Thursday, May 20, 2010
Franklin Hall B Level 4 (Philadelphia Marriott Downtown)
Background: The ability to repair breakdowns in communication is highly important for children with language deficits, as communicative breakdowns are likely to occur due to phonological, grammatical, or pragmatic difficulties. There is some evidence that individuals with autism have difficulty repairing breakdowns in communication (Geller, 1998; Volden, 2004). Fragile X syndrome (FXS) is the most common known genetic cause of autism. Individuals with FXS also show difficulties in conversational discourse, which may be attributable to comorbid autism (Roberts et al., 2007), although repair skills have not been previously investigated in this population, and so comparisons between children with autism and FXS on this key aspect of pragmatic language are lacking.
Objectives: This study examined communicative repair skills of boys with autism and boys with FXS in order to identify potentially overlapping profiles in this aspect of pragmatic language.
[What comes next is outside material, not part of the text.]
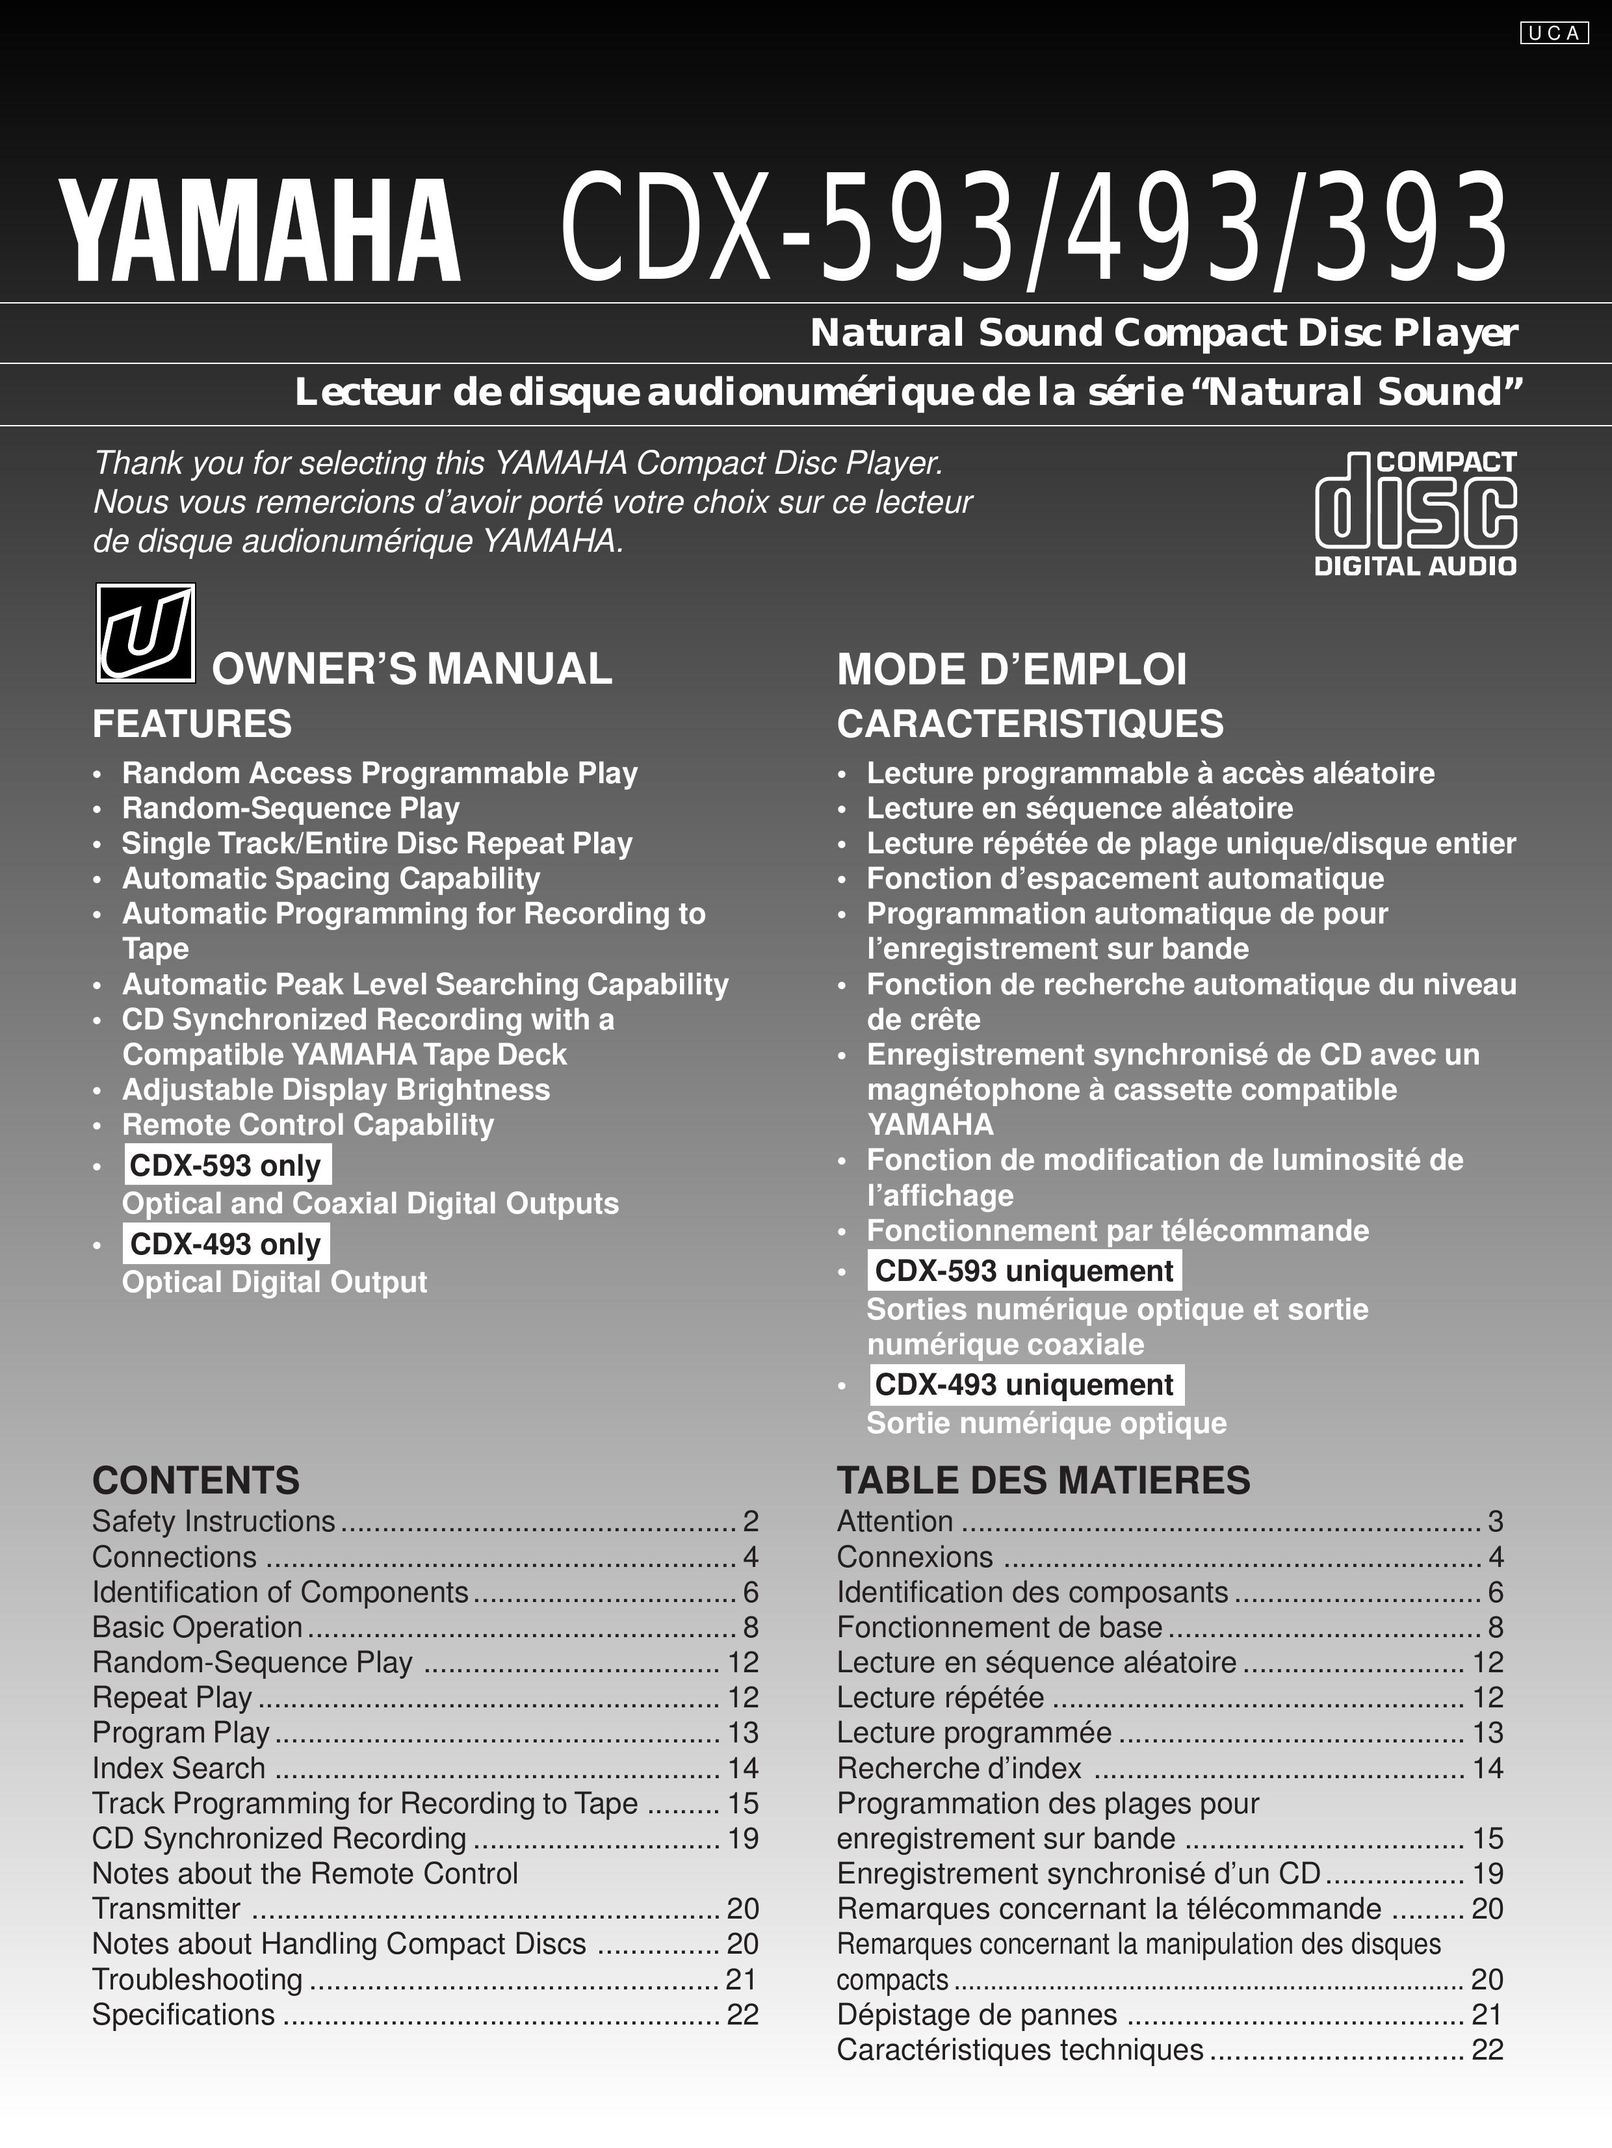 Yamaha CDX-593 CD Player User Manual

Methods: A structured task tapping communicative repair ability was administered to boys with autism only (n=11), FXS with autism (FXS-A; n=12), and FXS only (FXS-O; n=15), as well as a group of younger typically developing controls (n=11). Boys were asked to describe a set of cartoon pictures. For predetermined pictures, the examiner initiated a stacked sequence of neutral requests for clarification (i.e., Huh?, What?, I didn’t understand) using procedures described by Brinton et al. (1986). Boys’ responses were coded for repair strategy used – no response, repetition, revision (e.g., changing word order), addition (of new information), and inappropriate (e.g., off-topic responses).
Results: Statistical analyses controlled for nonverbal mental age and expressive vocabulary skills. Surprisingly, boys with FXS-A repaired the communicative breakdown by adding new information significantly more often than did boys with autism only (51% vs. 43%). Results also revealed many similarities across groups. For all groups, addition and repetition were the most common repair strategies used, with the other strategies occurring less often. Further, all groups varied repair strategies as the breakdown persisted. Finally, boys in all groups were more likely to respond inappropriately or not respond at all to repeated requests for clarification compared with the first request.
Conclusions: The similarity across groups in repair ability suggests that this aspect of pragmatic language may represent a relative strength for boys with autism and FXS. Findings also suggest that communication partners should limit neutral requests for clarification to one or two, since repeated requests may be met with inappropriate or no responses. We continue to examine communicative repair skills in our samples, and will be presenting data on additional children in each group.